Analysis for the ejector used as expansion valve in vapor compression refrigeration cycle

• The mixing pressure was determined by using the optimization method.
• Whether the entrained flow would be choked at outlet of suction nozzle was studied.
• Whether a condensation shock would happen at the end of mixing chamber was studied.
• System performance at off-design condition is close to that with optimum ejector.
• No condensation shock happens before the mixed flow flows into the diffuser.

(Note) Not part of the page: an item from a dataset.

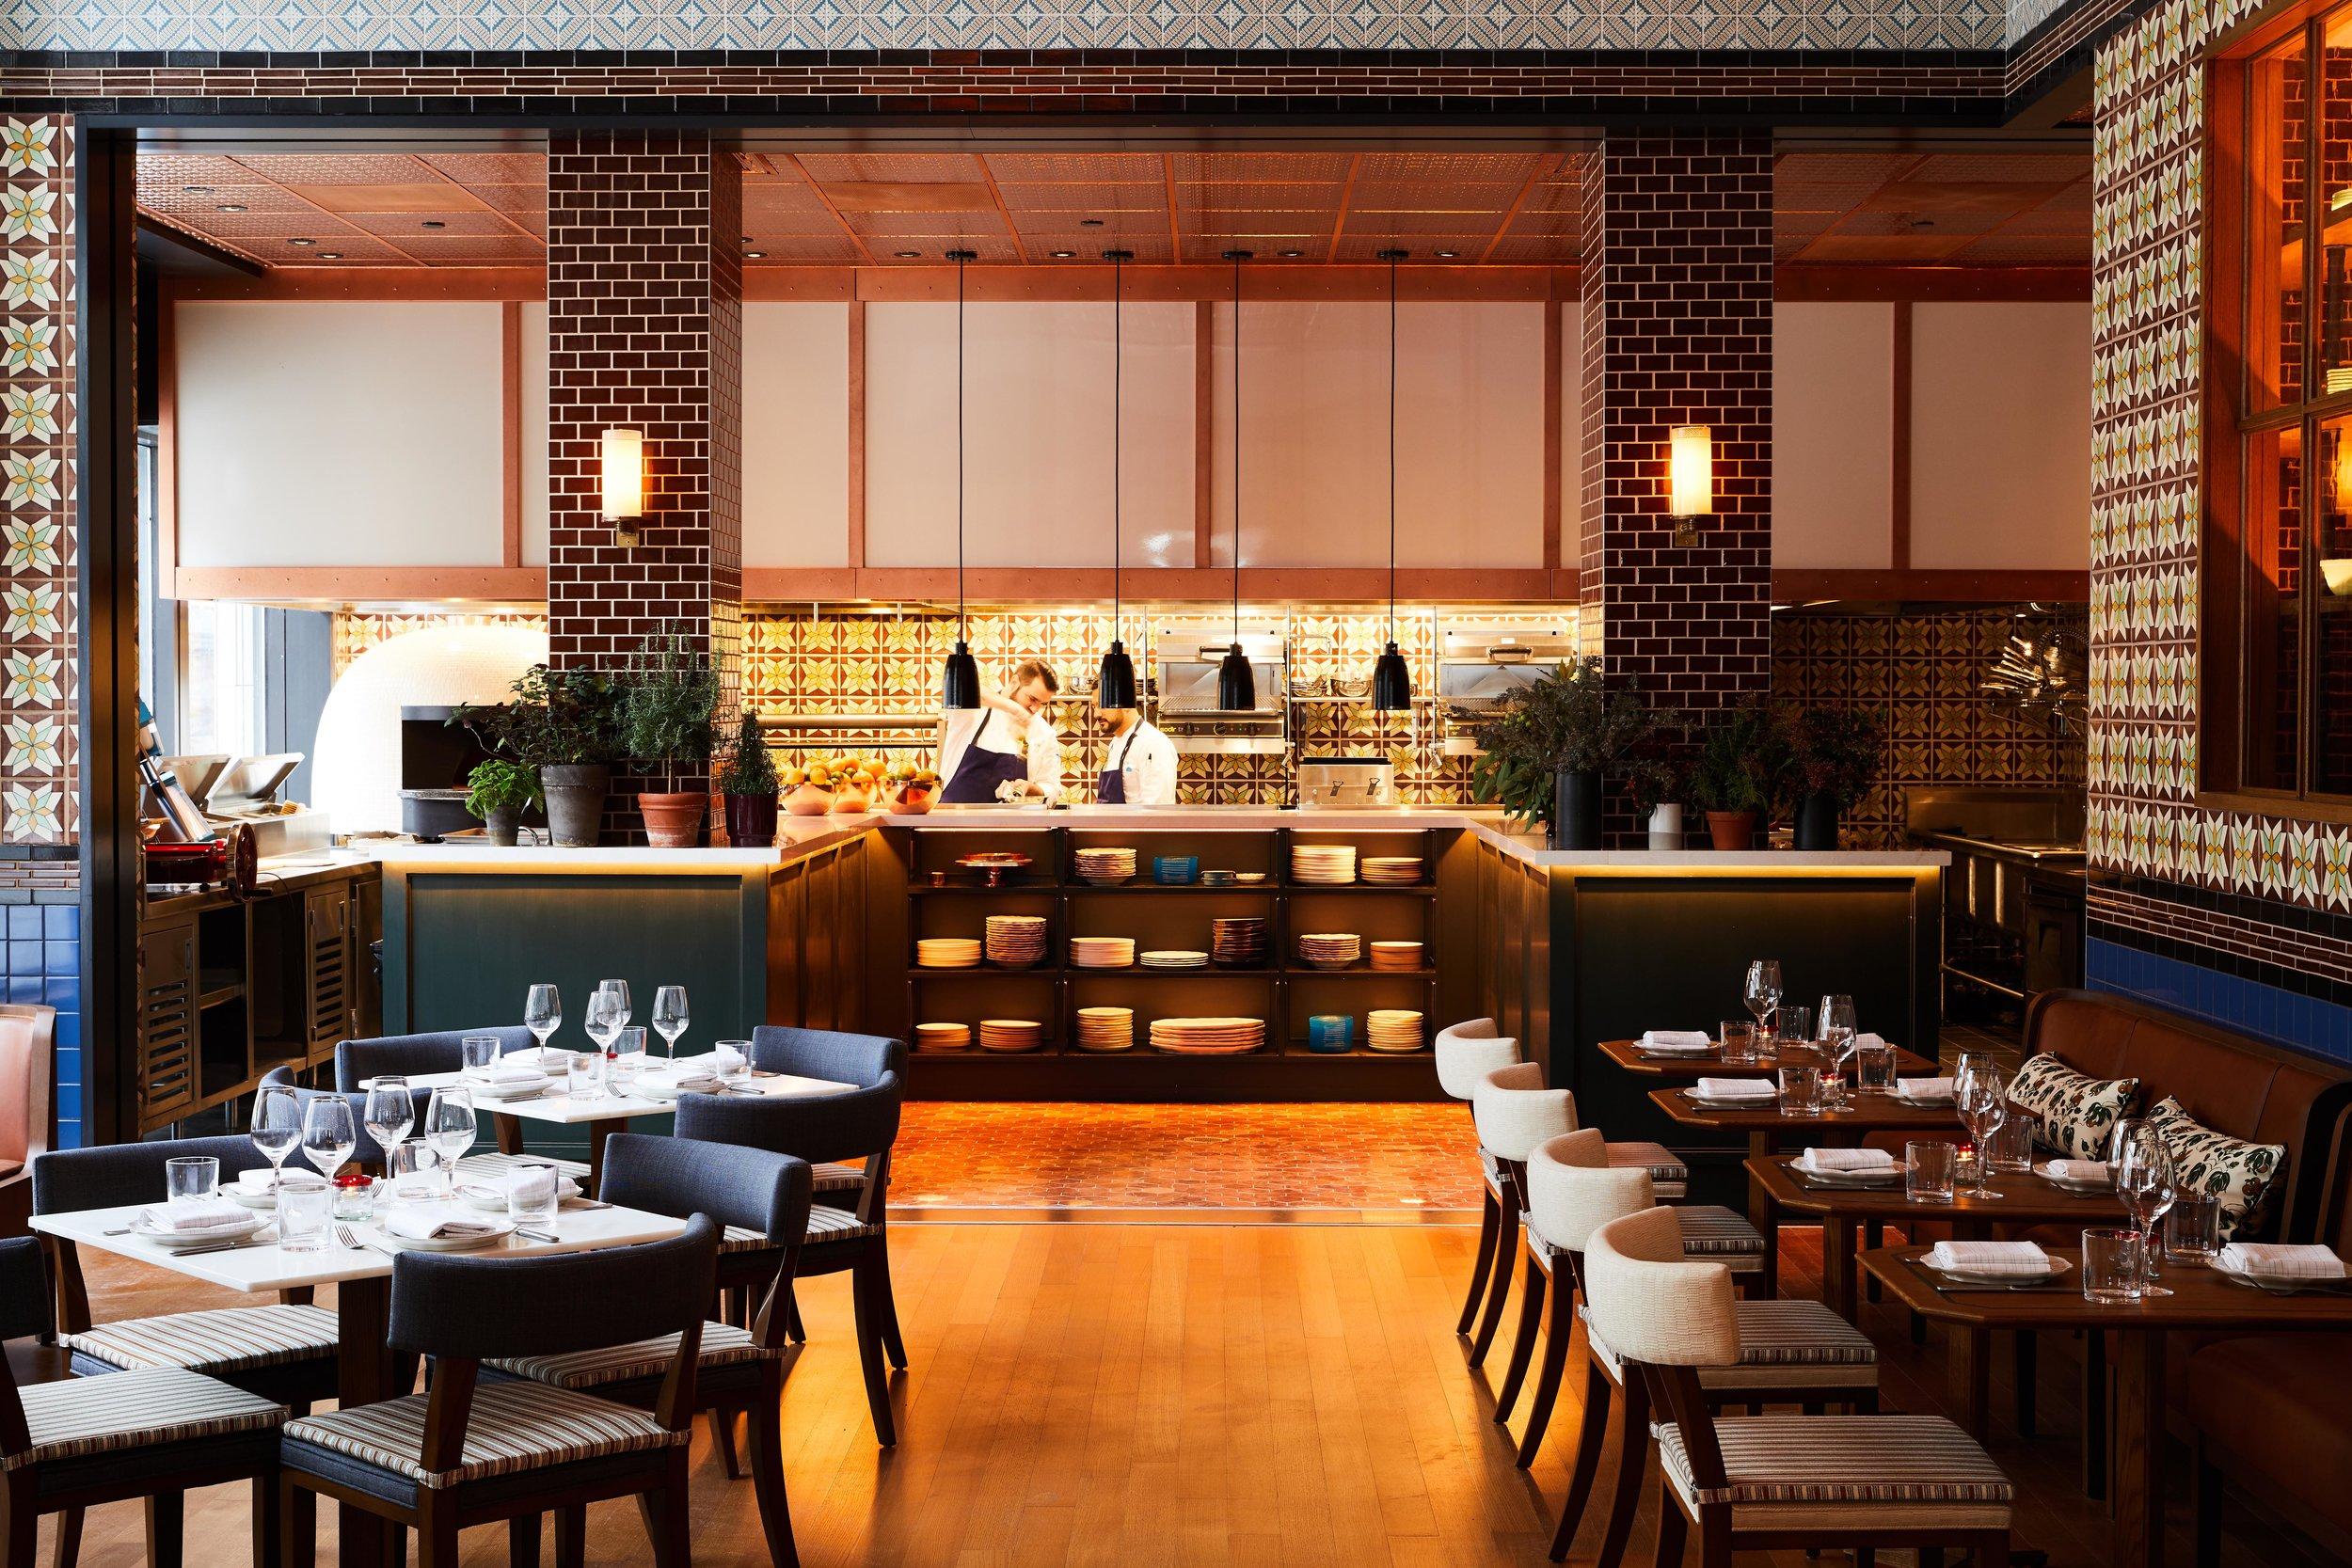 Shinola_San Morello_Restaurant_028 copy.jpg
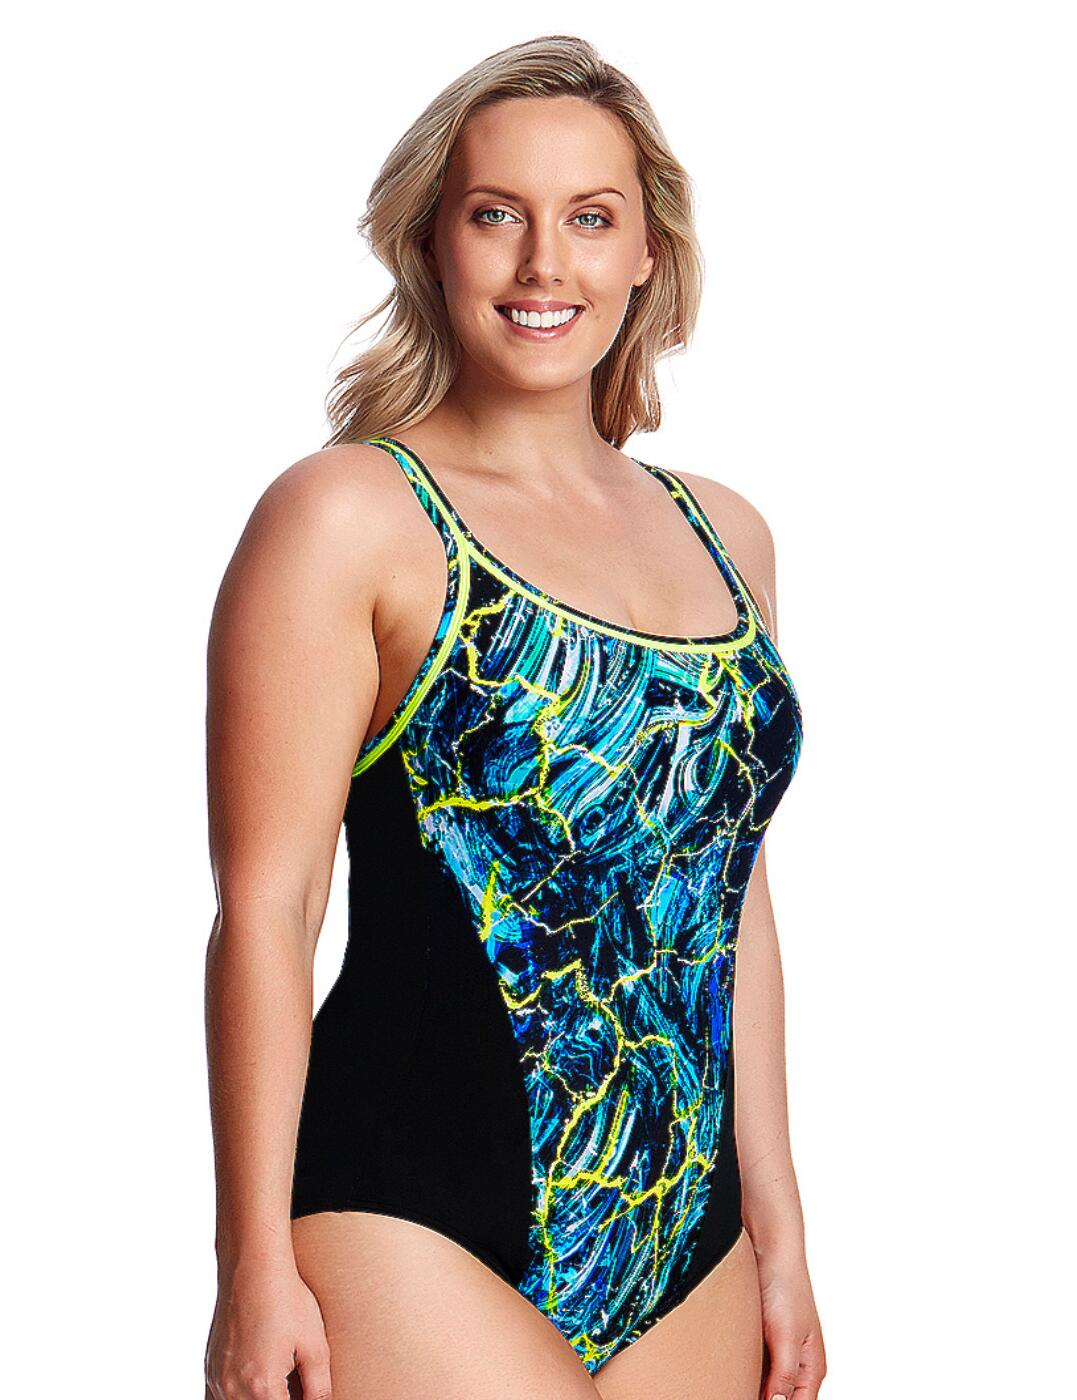 667e80fd3fd2f FS35L01986 Funkita Ladies Midnight Marble Locked In Lucy One Piece Swimsuit

An ejector was used in a compression refrigeration cycle for improving its efficiency. A constant-pressure mixing model was adopted to simulate the ejector. Whether or not the entrained flow would be choked at the outlet of the suction nozzle and whether or not a condensation shock would happen at the end of the mixing chamber were both considered. The effect of the mixing pressure on the performances of the ejector and the hybrid system was evaluated. The mixing pressure was finally determined by using the optimization method. The performances of the ejector and the hybrid system at different operating conditions were studied. Lastly, the performances of the ejector with fixed geometry and the corresponding hybrid system at off-design operating conditions were also theoretically studied. The results indicate that the optimum ejector mixing pressure is a little lower than the entrained fluid's pressure, but far larger than its critical pressure. No condensation shock happens before it flows into the diffuser. The theoretical performances of the hybrid compression refrigeration system with fixed geometry ejector at off-design conditions are very close to that with the optimum geometry ejector.